Now (within R) read in the data by typing:

res1<-read.table("results1.tdt", header=T)

This reads the results into a dataframe named "res1". To see the top few lines of this dataframe, type:

head(res1)

The data frame has 21612 lines, one for each SNP. It would be very laborious to go through and look at each line by eye. Instead we will plot the results for the three chromosomes, colouring each chromosome differently:

position<-res1$BP+150000000*res1$CHR
plot(position, -log10(res1$P), col=res1$CHR)
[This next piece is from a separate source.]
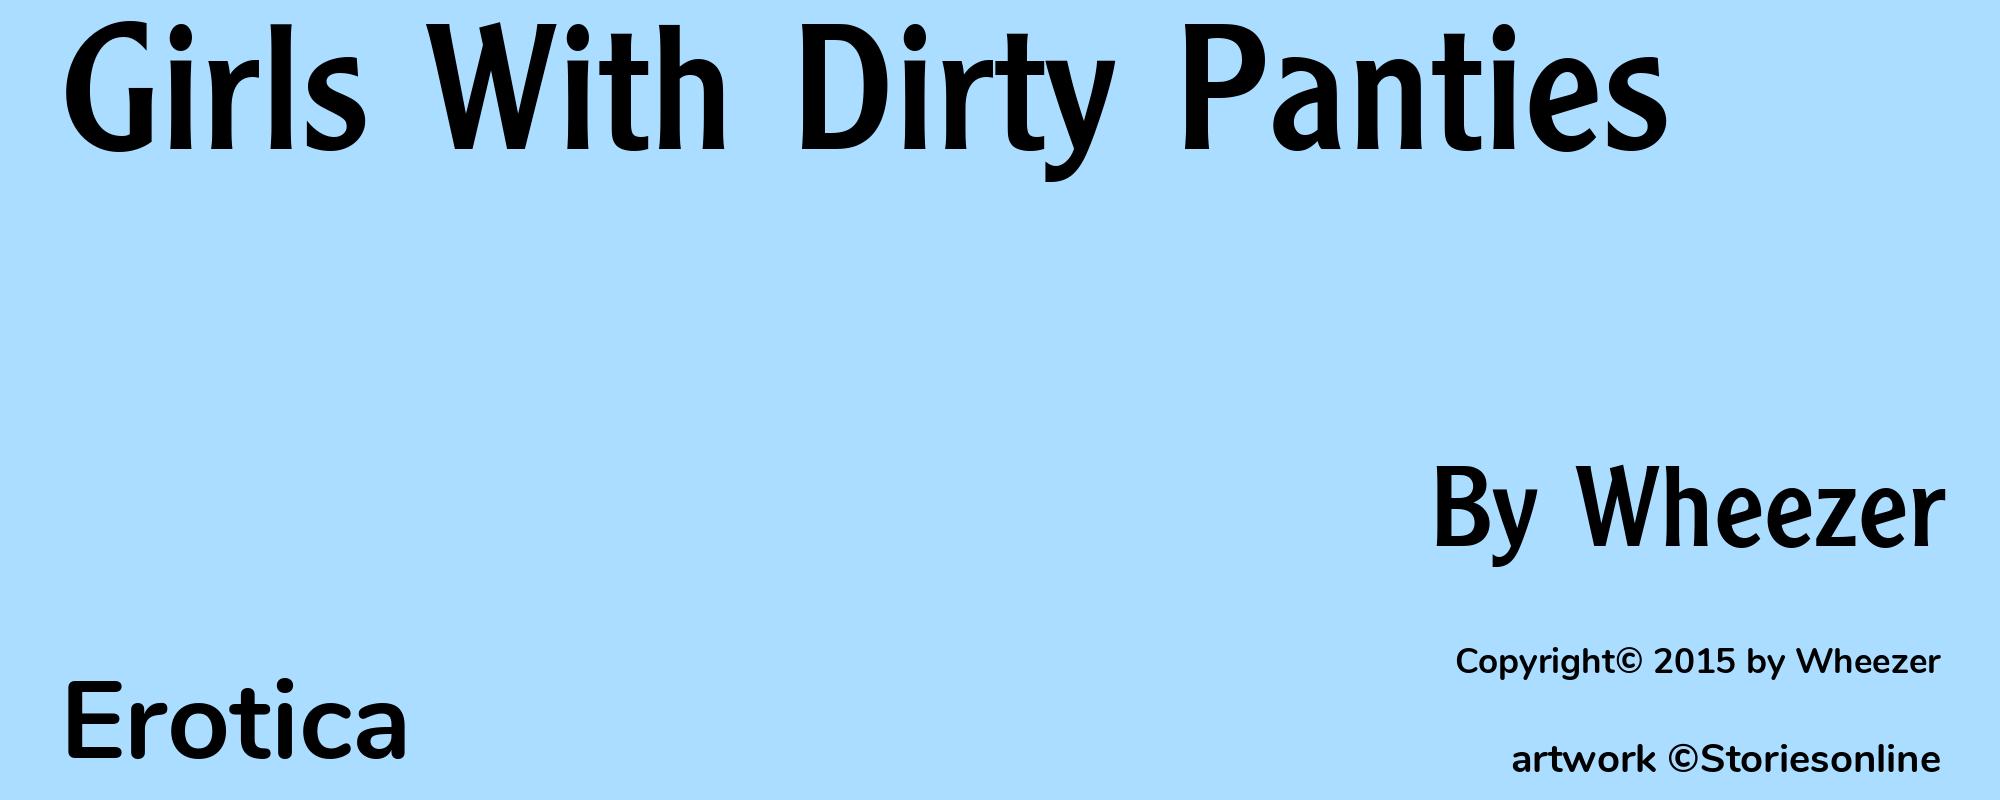 Girls With Dirty Panties - Cover

Since the base-pair position is only defined within each chromosome, this slightly clunky pair of commands allows one to plot the results in such a way that the chromosomes are separated from one another. Here we have plotted -log base 10 of the TDT p value, which will be large if the p value is small. It looks as if there may be some significant results (small p values) on the first chromosome, chromosome 10.

One way to assess the significance of the results, in light of the large number (38963) of tests performed, is to use a Q-Q plot. To plot a Q-Q plot for the TDT chisquared values, type:

plot(qchisq(ppoints(res1$CHISQ),1), sort(res1$CHISQ))
abline(a=0,b=1)


The first command orders the TDT chi-squared values and plots them against their expected values, given the number of tests performed. The second command adds in to the plot a straight line with gradient 1, passing through the origin. What one would hope to see is most of the values lying along the straight line with gradient 1, indicating that most results are consistent with the null hypothesis of no association. However, one would also hope to see a few high TDT values at the top that depart from the straight line, which are hopefully true associations.

In our plot, we see that there are indeed some high TDT values at the top - however the rest of the TDT results do not lie on the straight line with gradient 1 - instead there seems to be a systematic departure away from this line. This is worrying as it suggests the overall distribution of the TDT test statistics is not what would be expected under the null hypothesis. It is unlikely that these are all true positive associations (!) - instead it suggests there may be some kind of problem with our data.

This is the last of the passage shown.